There’s an interlude two-thirds through the movie, after Newland has gone to see Ellen alone, lying to May about his whereabouts, one of his crucial missteps that confirm her danger to her. But Ellen refuses to run off with him.
“You gave me my first glimpse of a real life,” he says, “and then you told me to carry on with a false one. No one can endure that.”

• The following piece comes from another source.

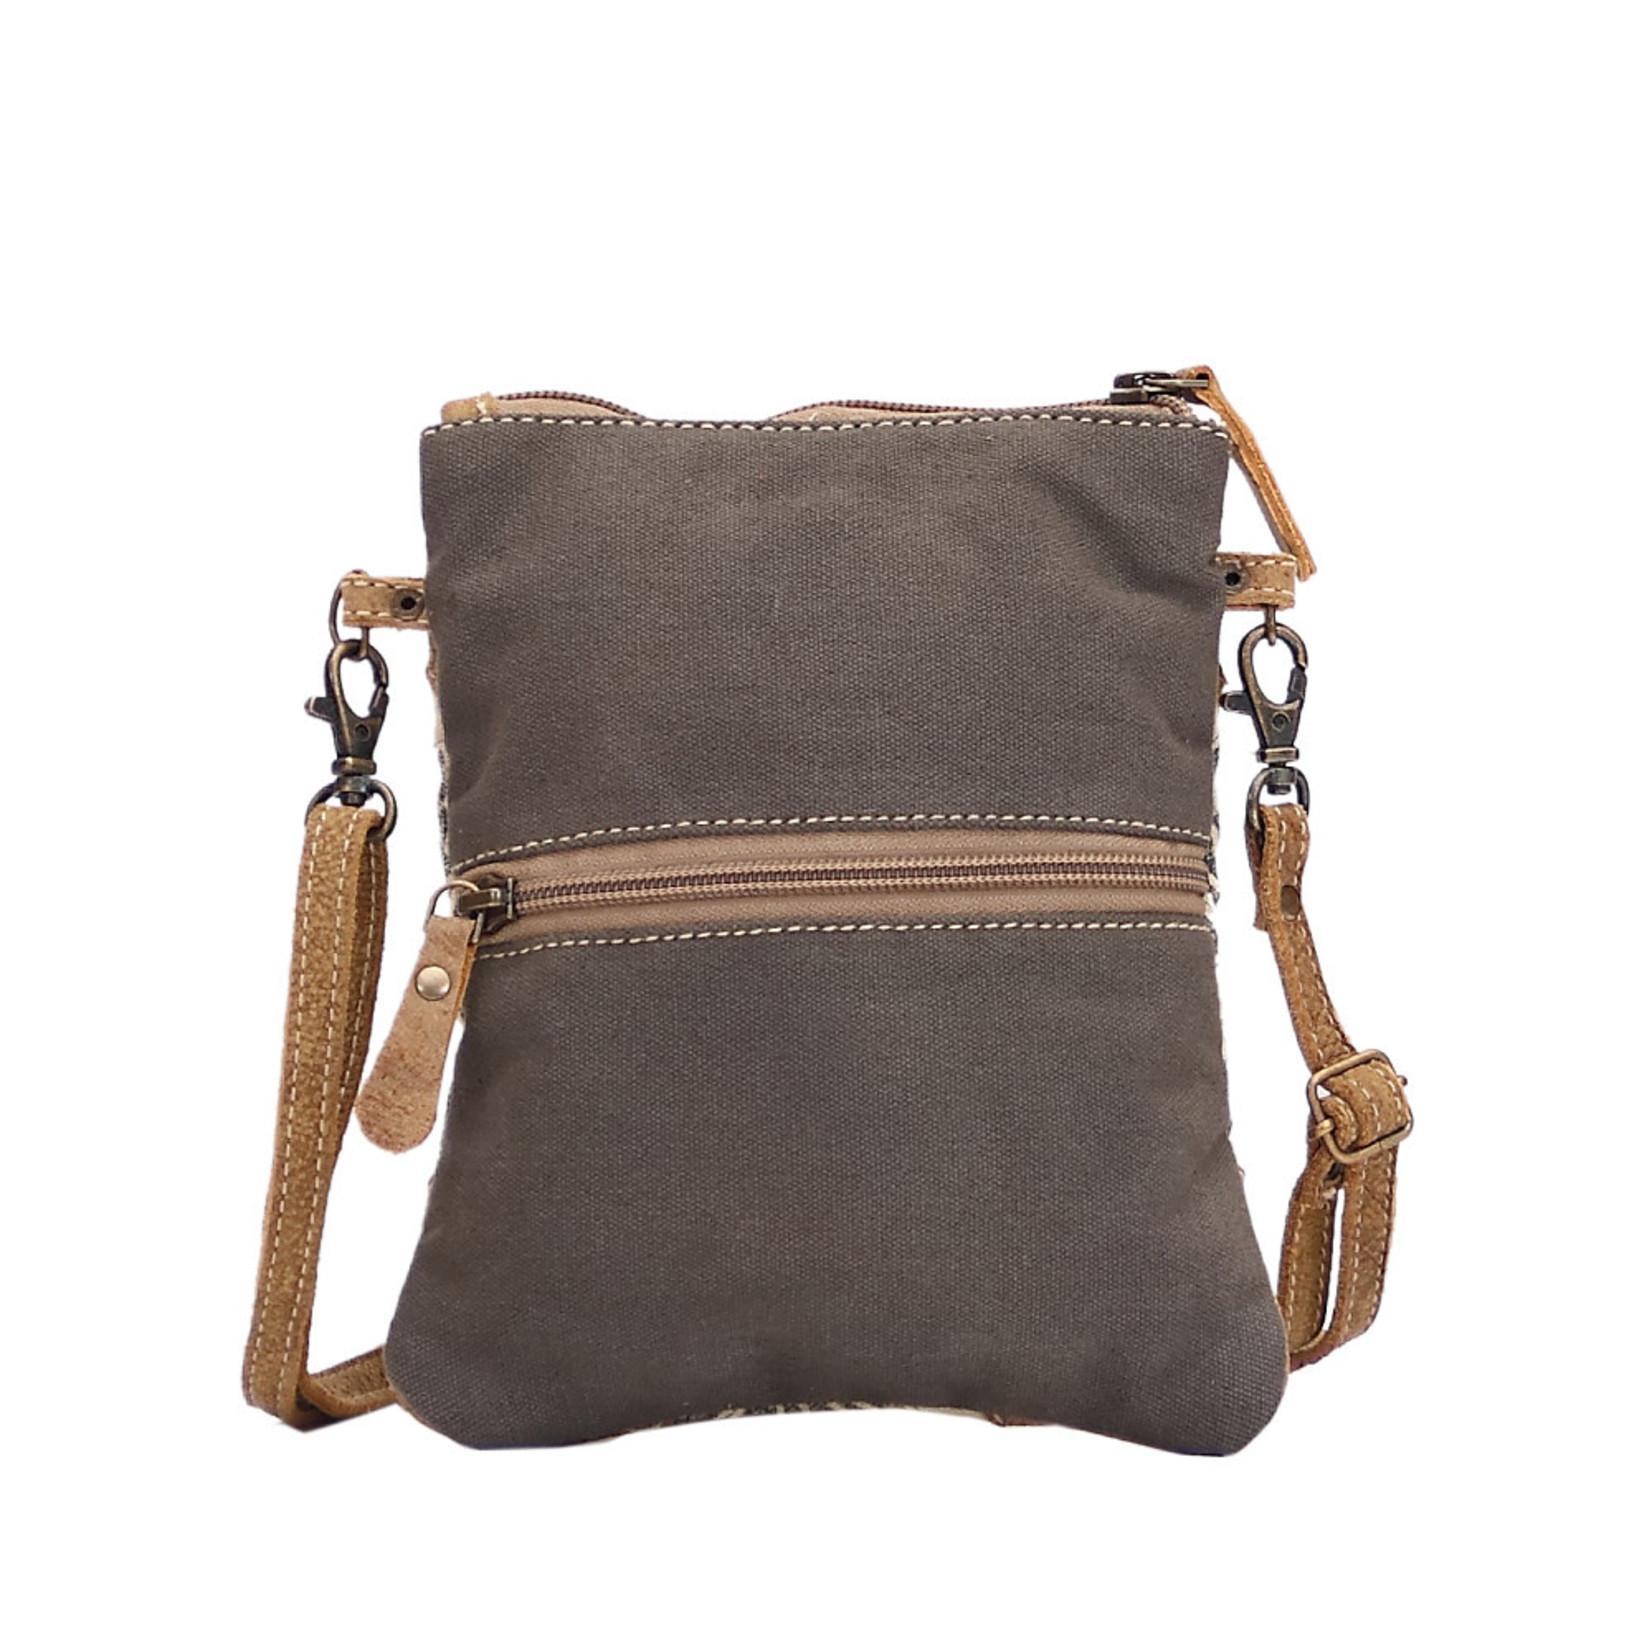 Myra Bags S-1511 Flare Small Crossbody Bag

“I’m enduring it,” she says.
Then Scorsese fades into one of the film’s few shots of the Manhattan crowds that Newland, May, Ellen and company must have had to contend with daily, whatever their riches, even if only as traffic blocking their carriages. Bowler hatted men in brown, black and grey, hold their hat brims against the wind, maybe against the downdrafts from one of the new skyscrapers being flung up ten, twenty, thirty stories. It’s a slow-motion shot, set to a woman singing, “…that you loved me still the same.” None of the men look up at us. They are all on their way somewhere. They do not know they’re in a movie. They do not know they’re in the past.

Starting a story forty or fifty years before the present lets us witness lives settling in their molds until personality becomes indistinguishable from habit, change too arduous or fraught to contemplate. It is wistful only if we interject our notions; if only they’d known, if only they’d done x or y; but as Scorsese scrupulously reminds us, they did what they could.